Task instructions:
Print every line from the start of the data, and when you reach the line with "Hermann Horn Ceiling Light", include it and stop. Pictures are not part of the copy.

Given data:
*** Block opens ***

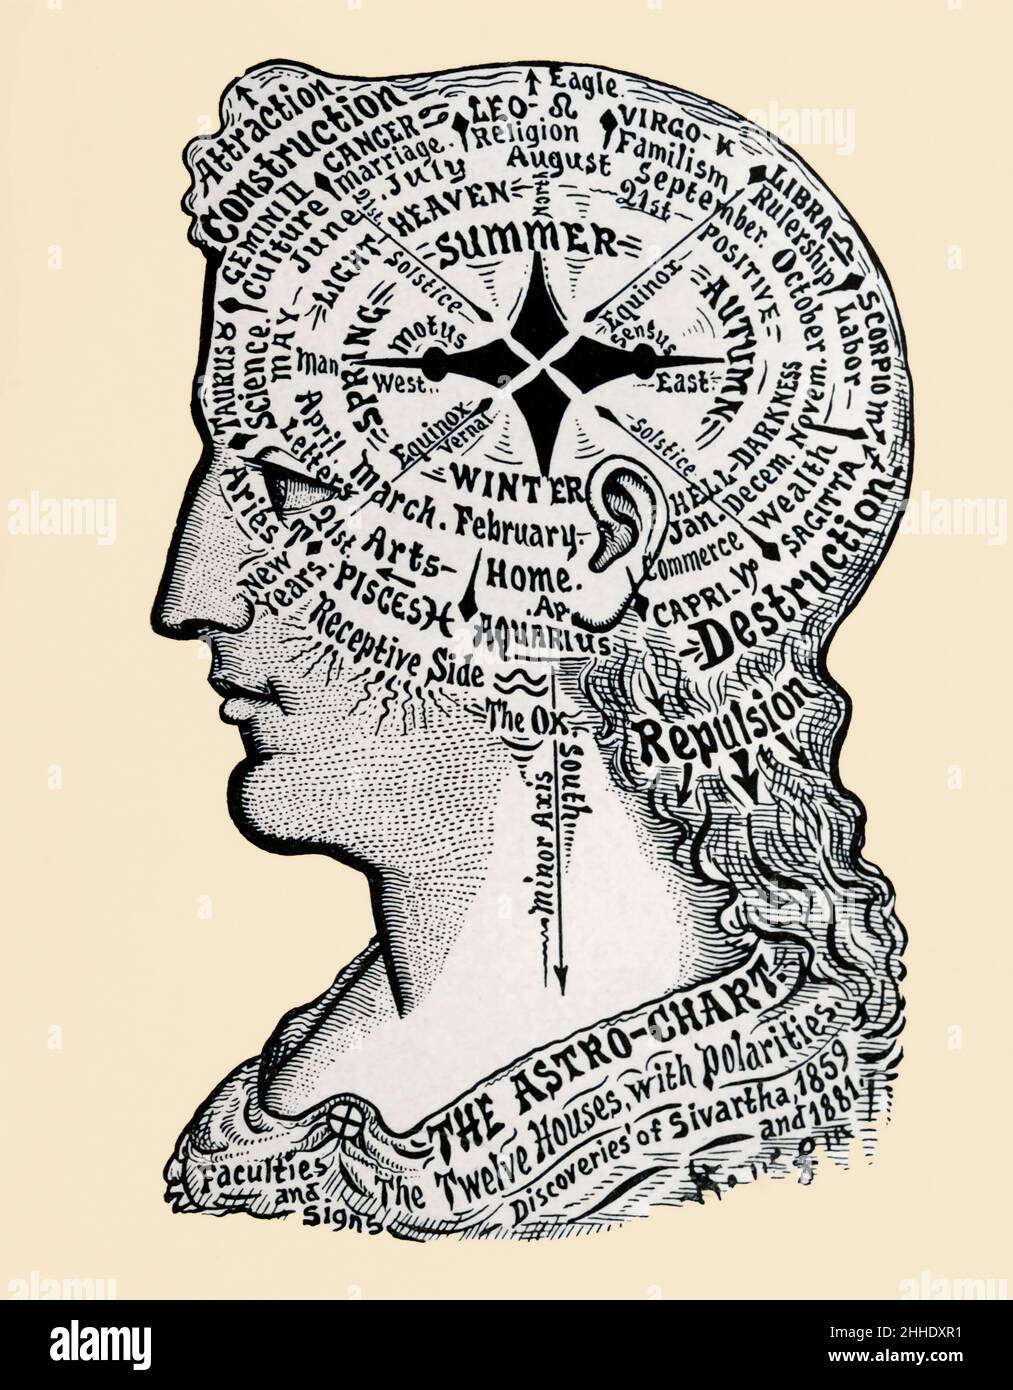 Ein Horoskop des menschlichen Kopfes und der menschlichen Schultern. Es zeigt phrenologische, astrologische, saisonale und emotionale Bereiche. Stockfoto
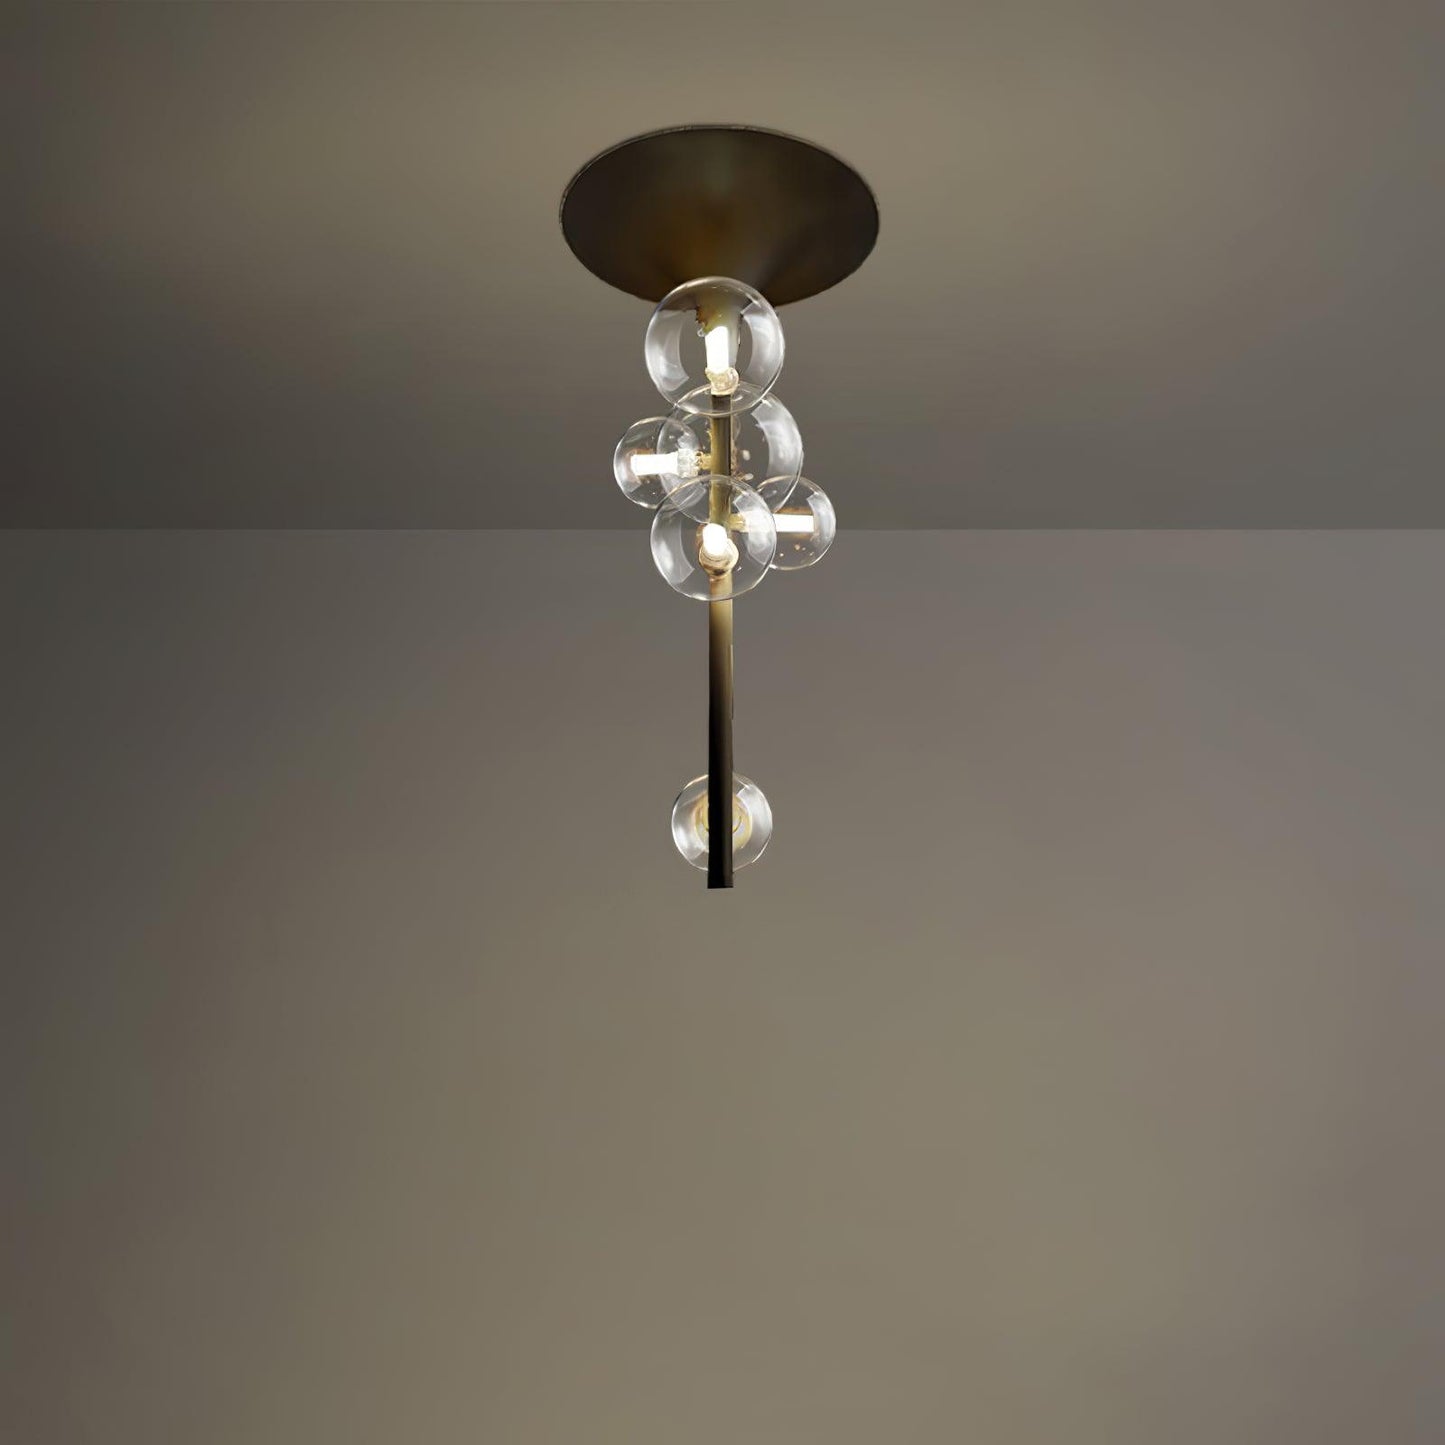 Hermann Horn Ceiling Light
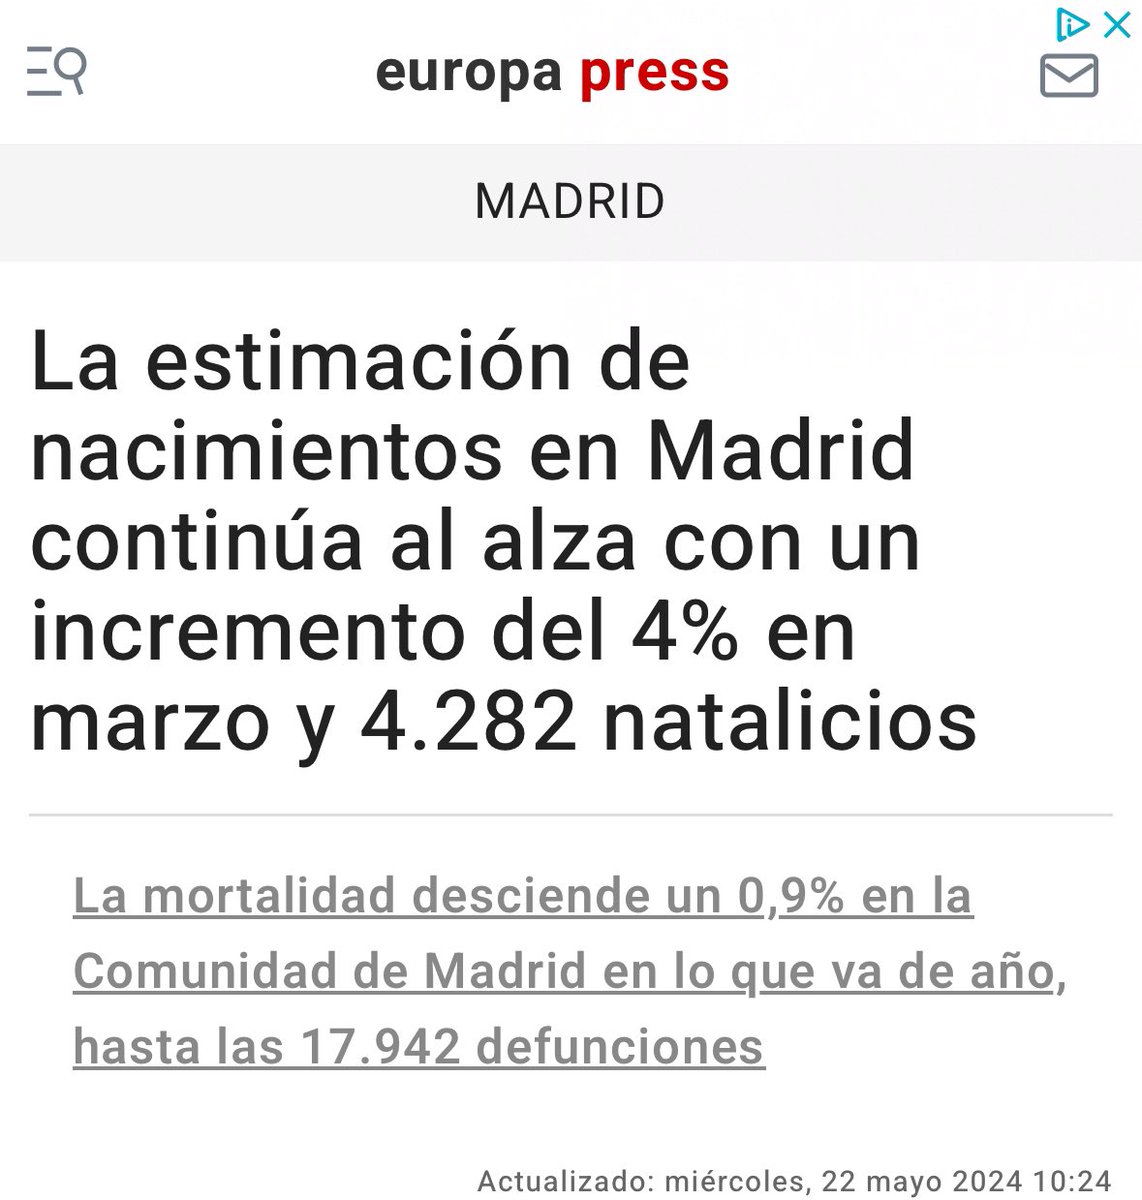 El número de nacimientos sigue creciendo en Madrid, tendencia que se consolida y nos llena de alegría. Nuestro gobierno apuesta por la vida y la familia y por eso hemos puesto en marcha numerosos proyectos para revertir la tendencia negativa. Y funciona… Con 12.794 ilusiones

*** Block closes ***

Task solution:
 Ein Horoskop des menschlichen Kopfes und der menschlichen Schultern. Es zeigt phrenologische, astrologische, saisonale und emotionale Bereiche. Stockfoto
 Hermann Horn Ceiling Light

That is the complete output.